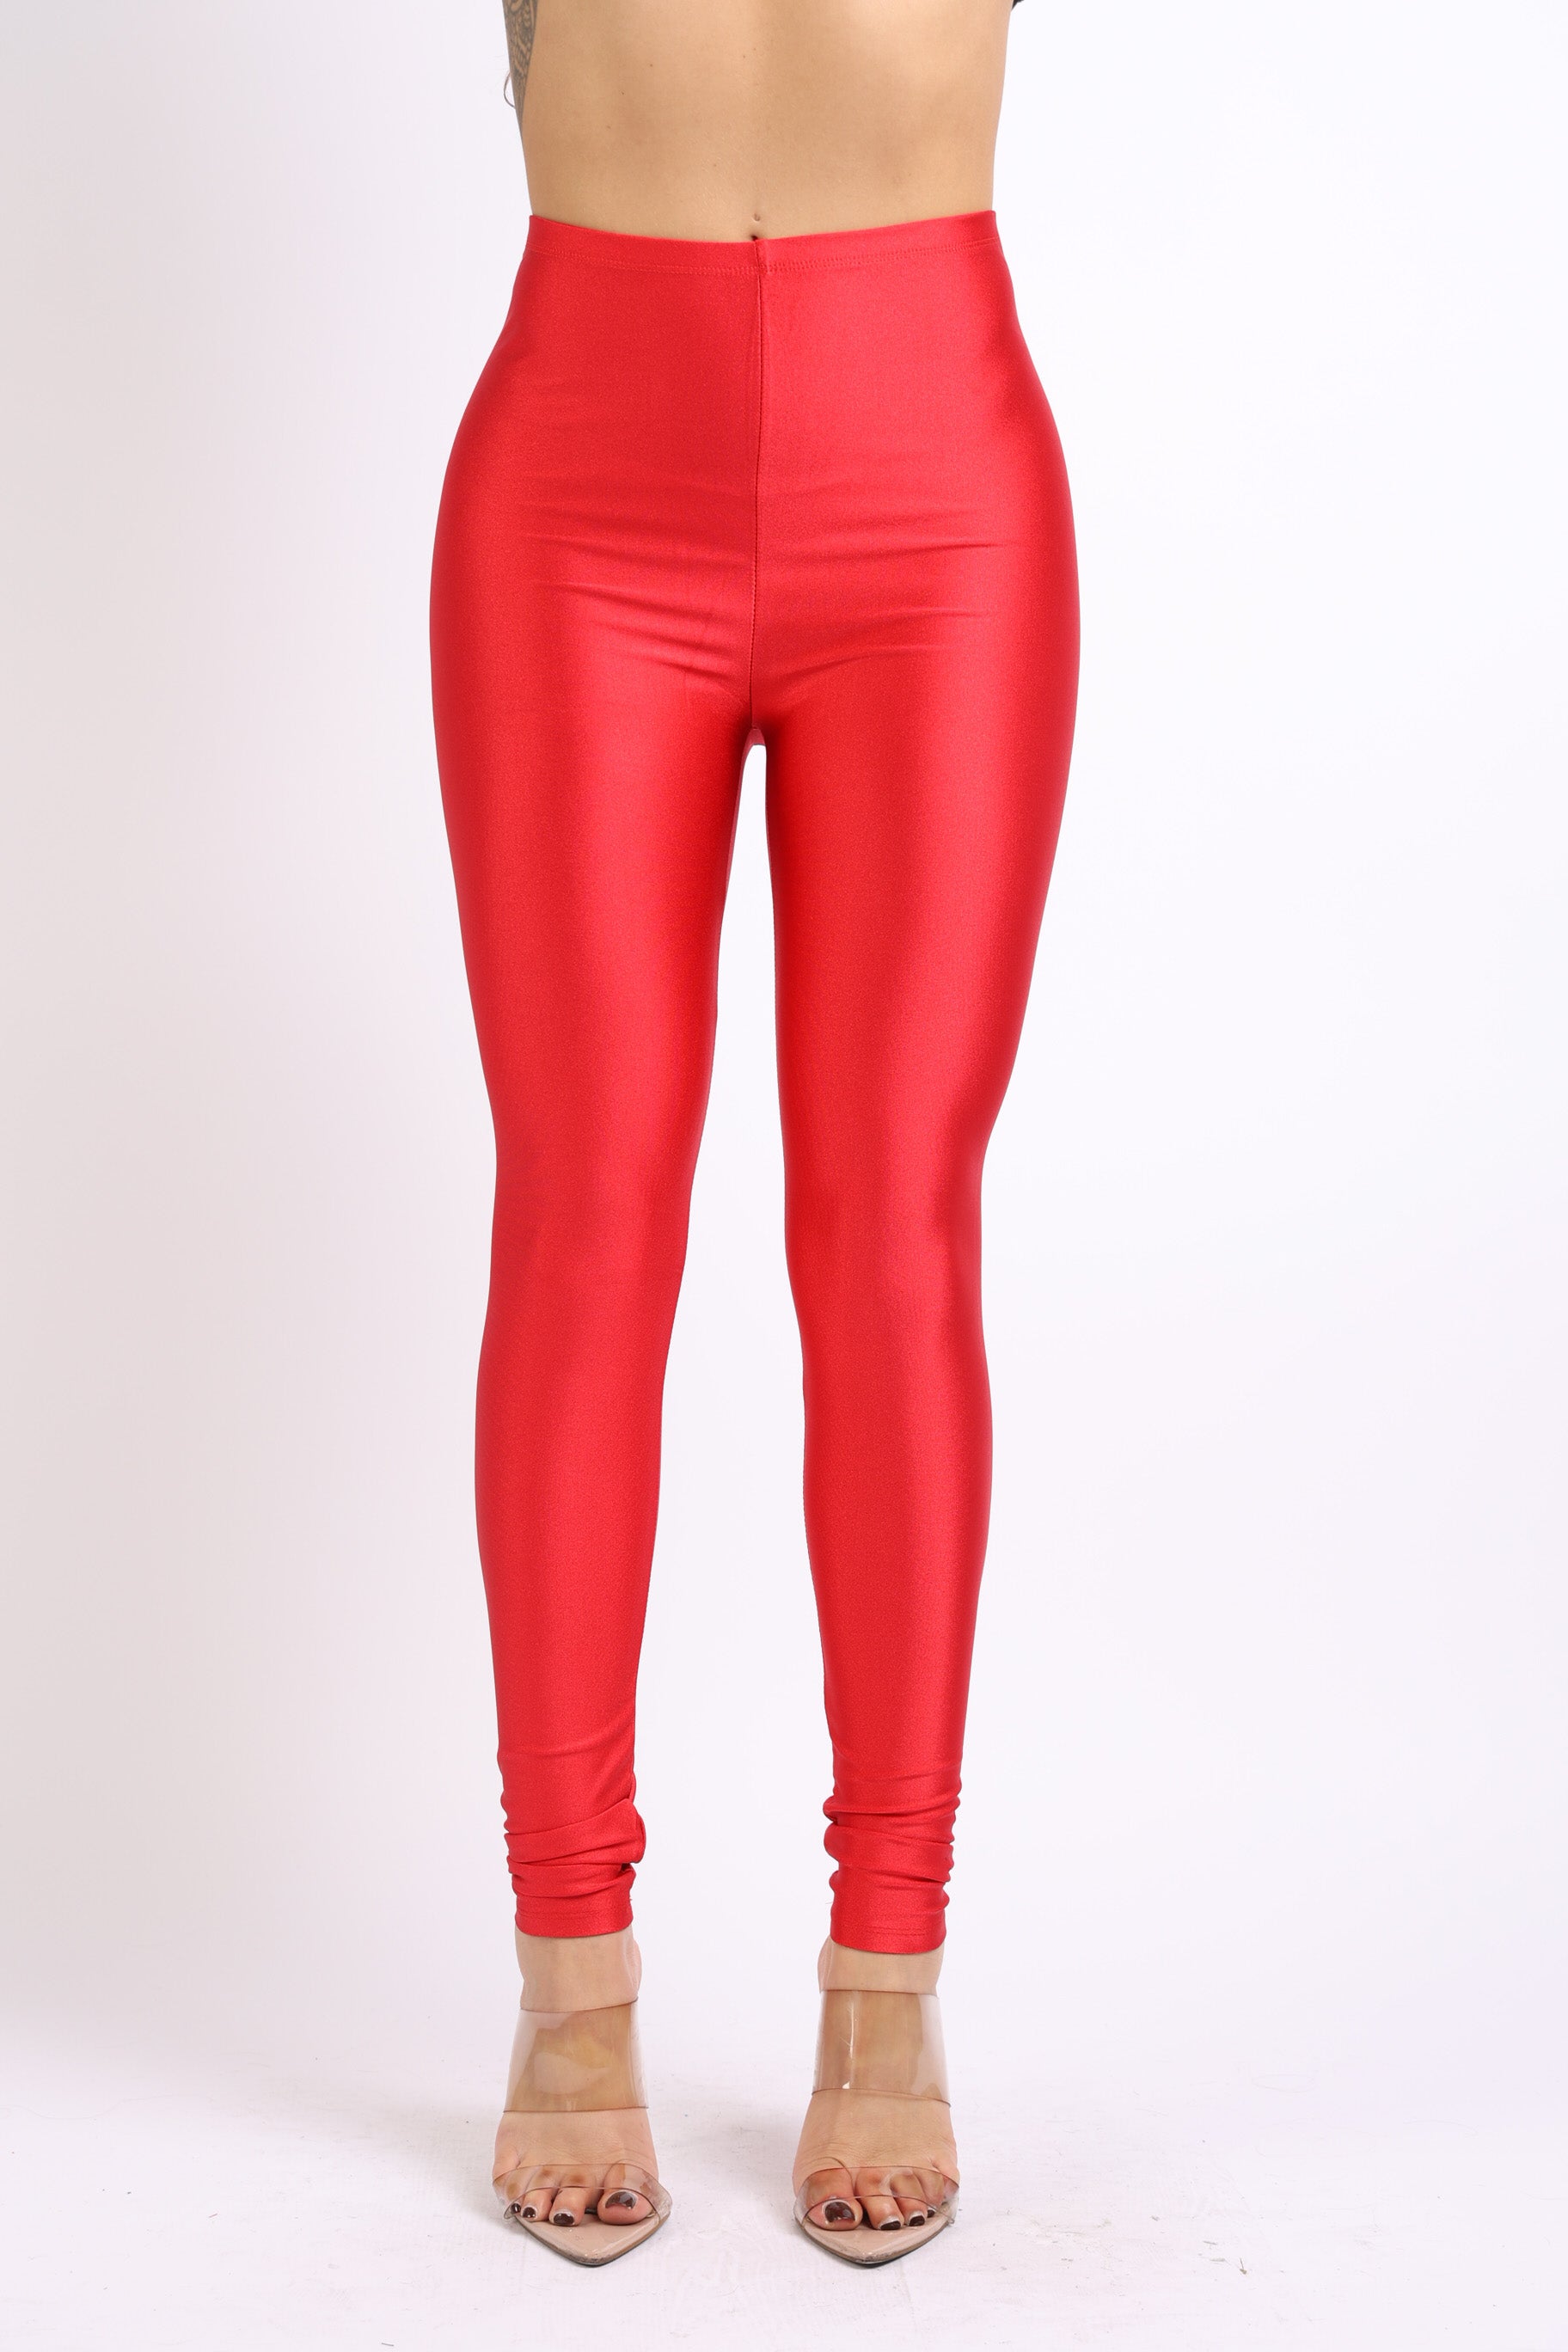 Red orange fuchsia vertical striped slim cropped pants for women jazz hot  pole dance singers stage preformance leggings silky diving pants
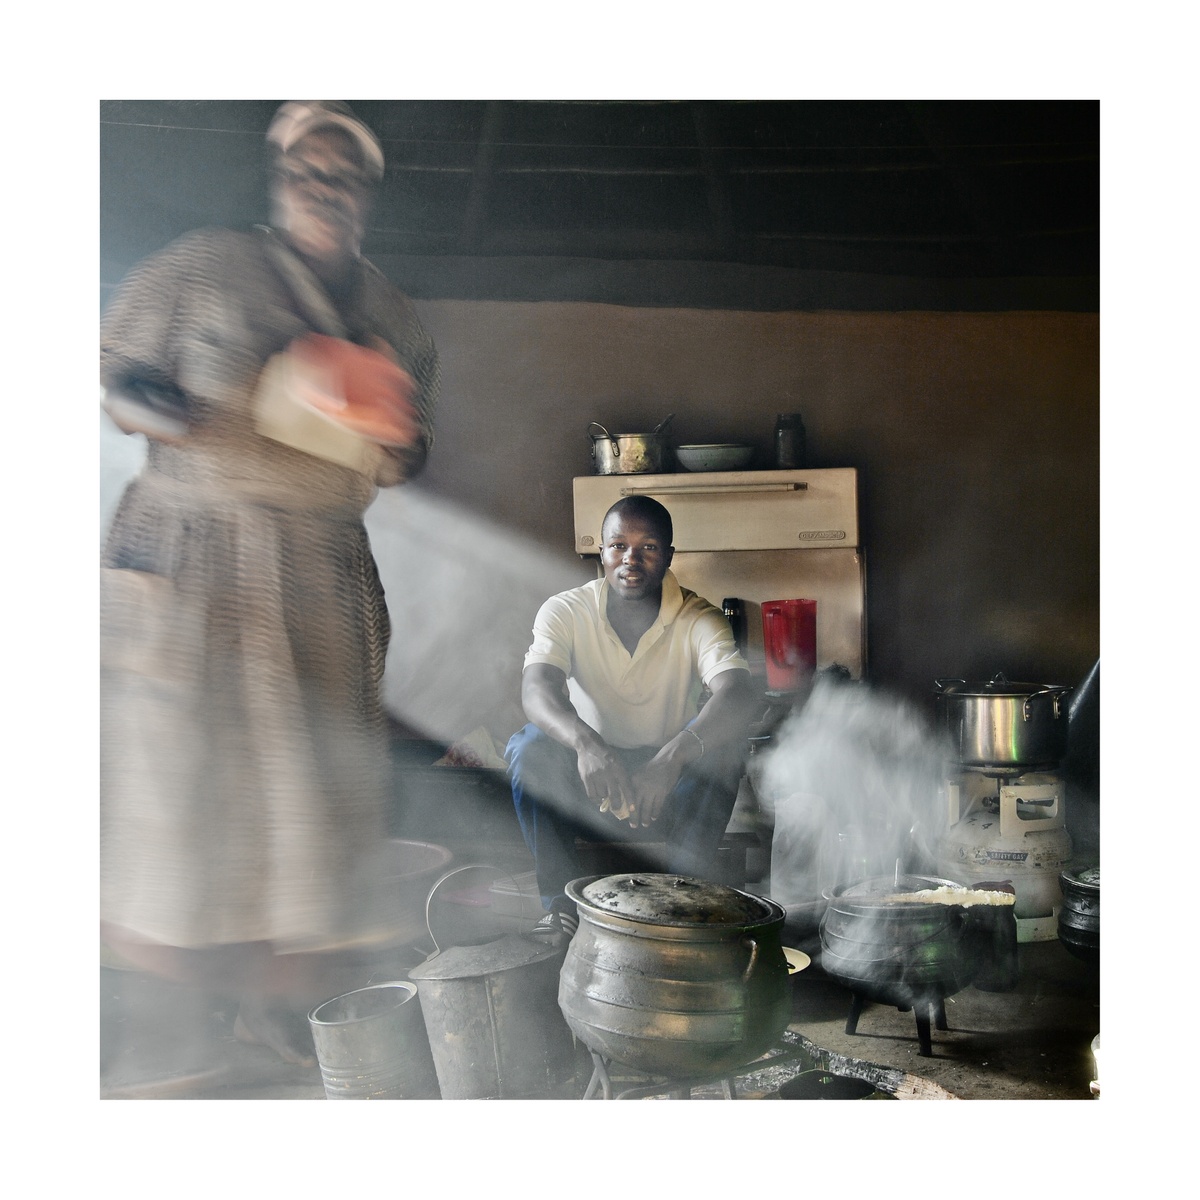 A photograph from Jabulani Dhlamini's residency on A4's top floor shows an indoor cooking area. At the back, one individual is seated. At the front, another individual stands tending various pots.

...

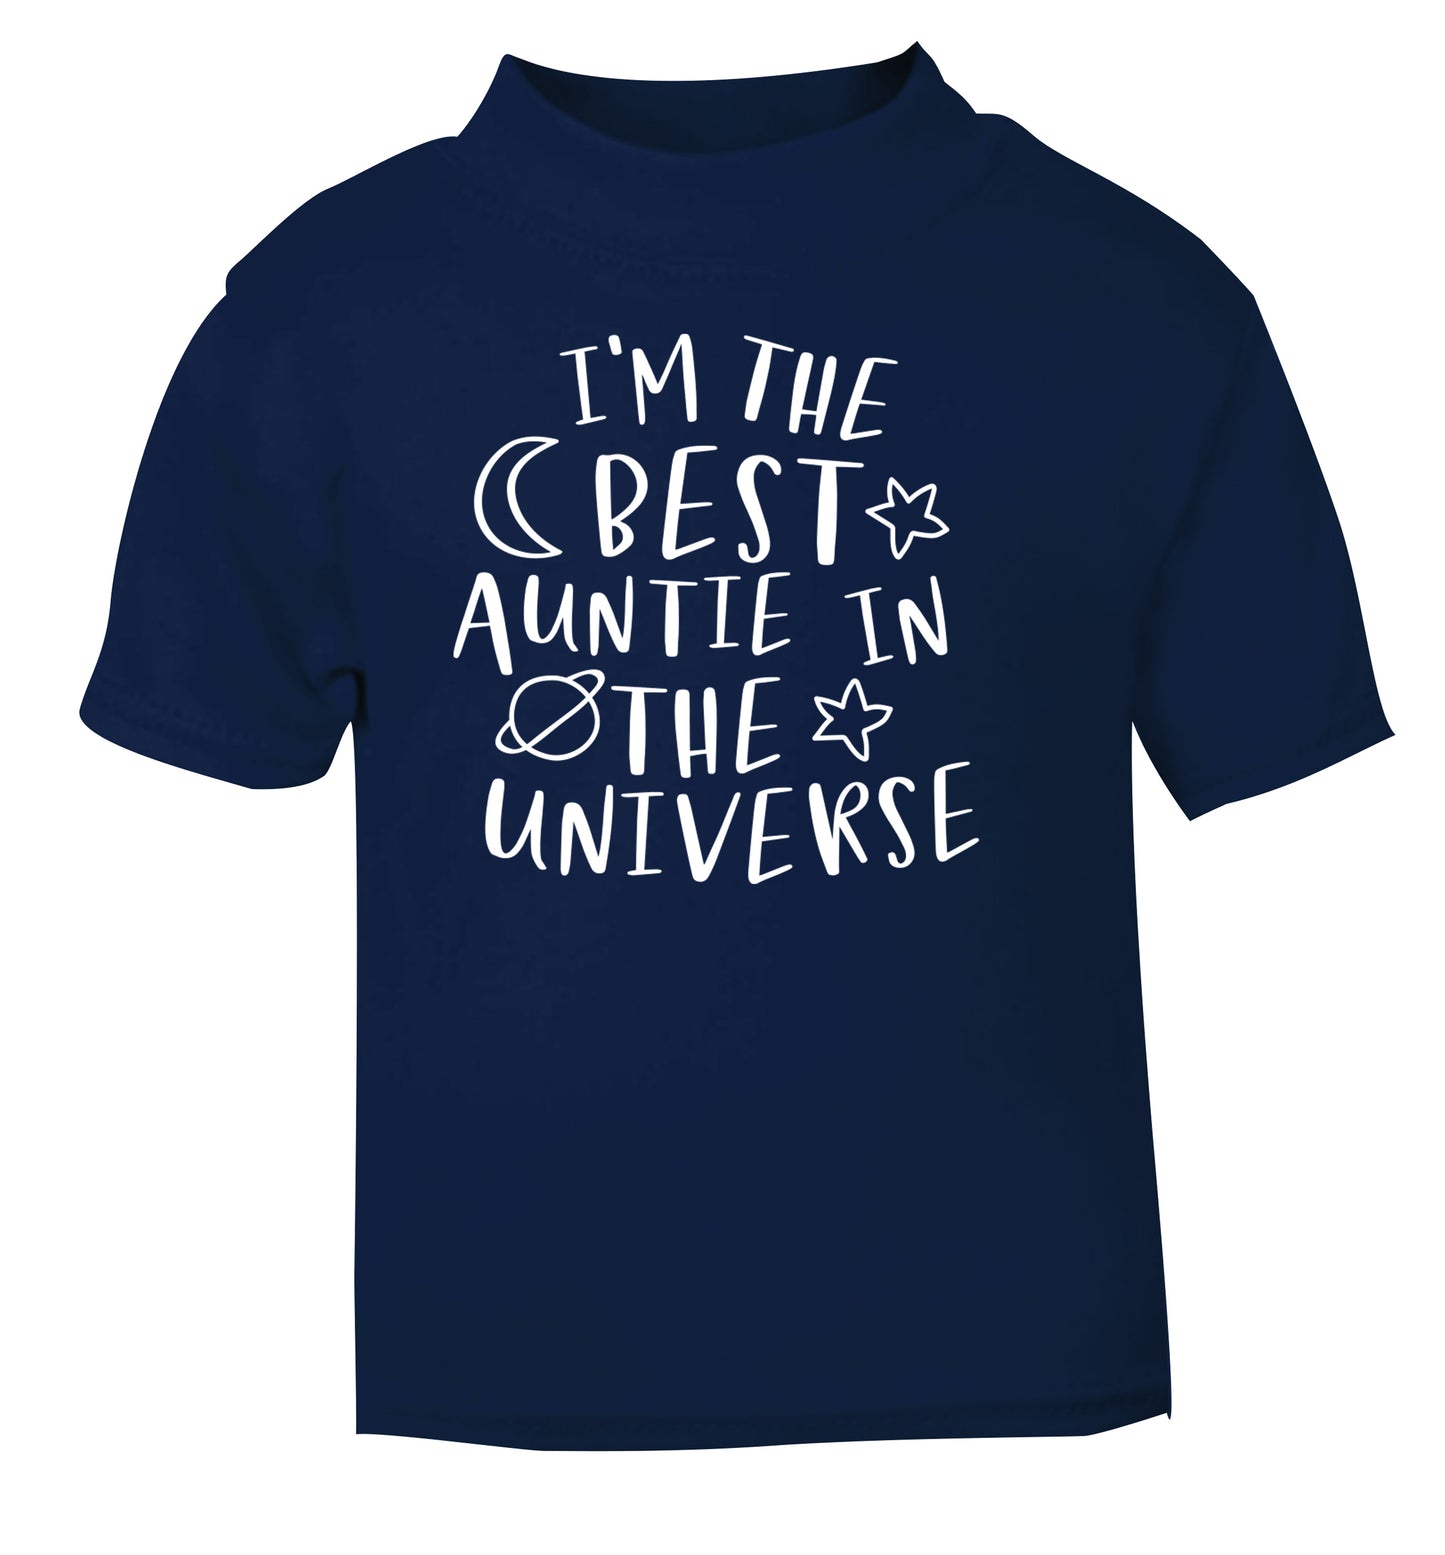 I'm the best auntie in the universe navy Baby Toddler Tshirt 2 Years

■ PROMPT: Using the listing above, reproduce word for word every line from the one containing "Red orange fuchsia" through the one containing "A photograph from". Pictures must be left out.

■ ANSWER BOX:
 Red orange fuchsia vertical striped slim cropped pants for women jazz hot  pole dance singers stage preformance leggings silky diving pants
 A photograph from Jabulani Dhlamini's residency on A4's top floor shows an indoor cooking area. At the back, one individual is seated. At the front, another individual stands tending various pots.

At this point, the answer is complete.